§ **YOUR INSTRUCTIONS**
With the pictures left out, repeat every entry that follows exactly.

═════ SUPPLIED MATERIAL ═════

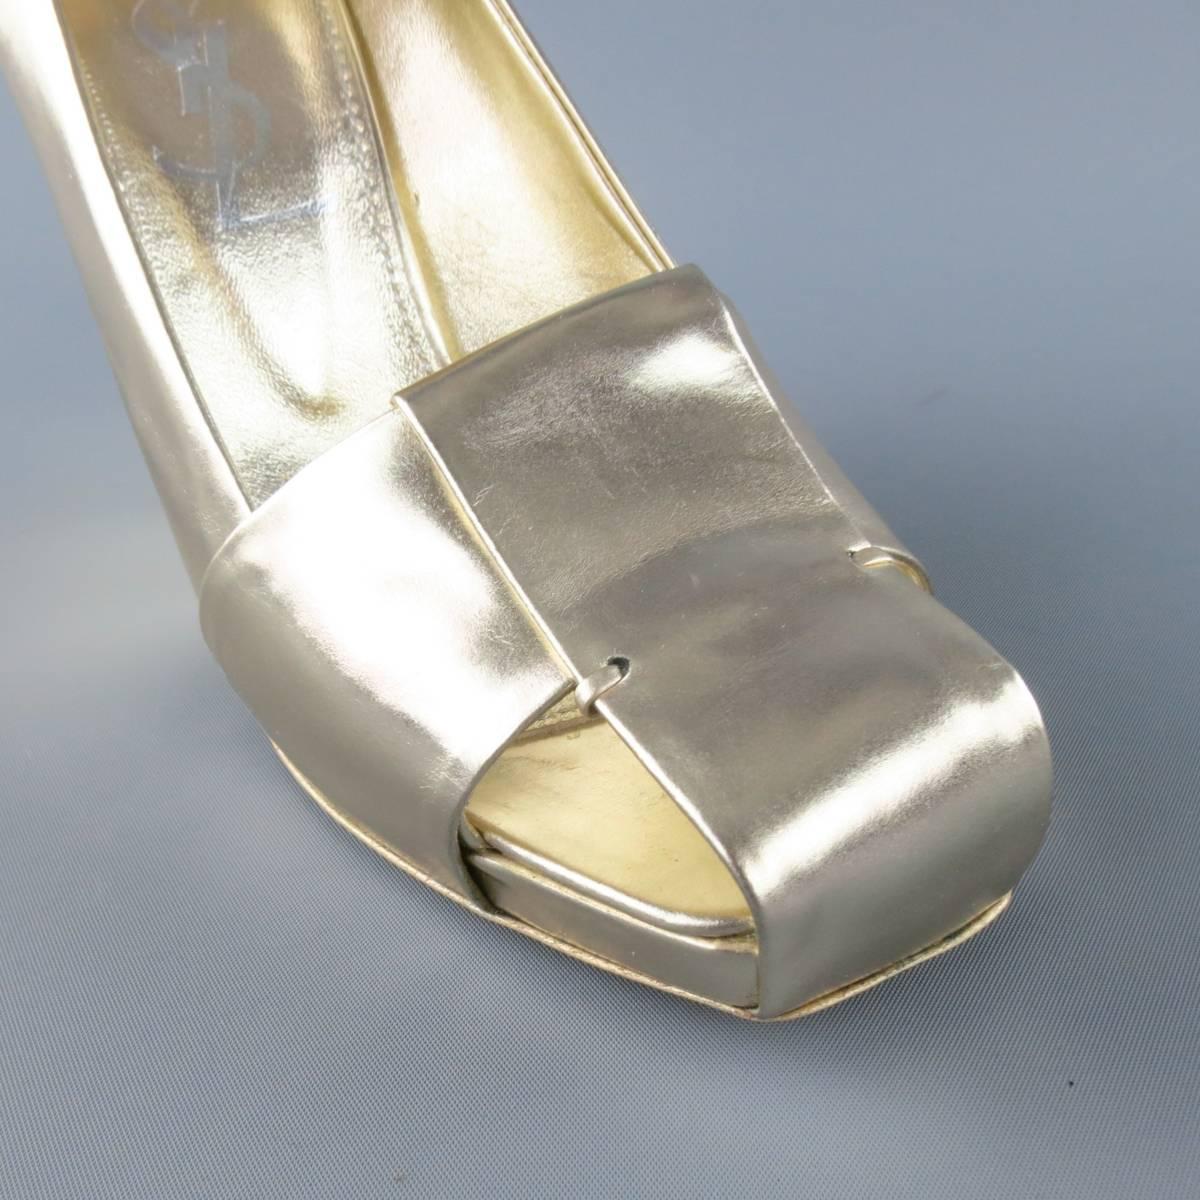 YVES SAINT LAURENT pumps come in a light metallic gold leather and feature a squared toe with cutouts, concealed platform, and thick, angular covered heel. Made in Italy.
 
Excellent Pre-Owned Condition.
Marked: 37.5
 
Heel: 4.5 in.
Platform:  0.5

═════

§ **RESULT OF THIS EXERCISE**
 YVES SAINT LAURENT pumps come in a light metallic gold leather and feature a squared toe with cutouts, concealed platform, and thick, angular covered heel. Made in Italy.
 
Excellent Pre-Owned Condition.
Marked: 37.5
 
Heel: 4.5 in.
Platform:  0.5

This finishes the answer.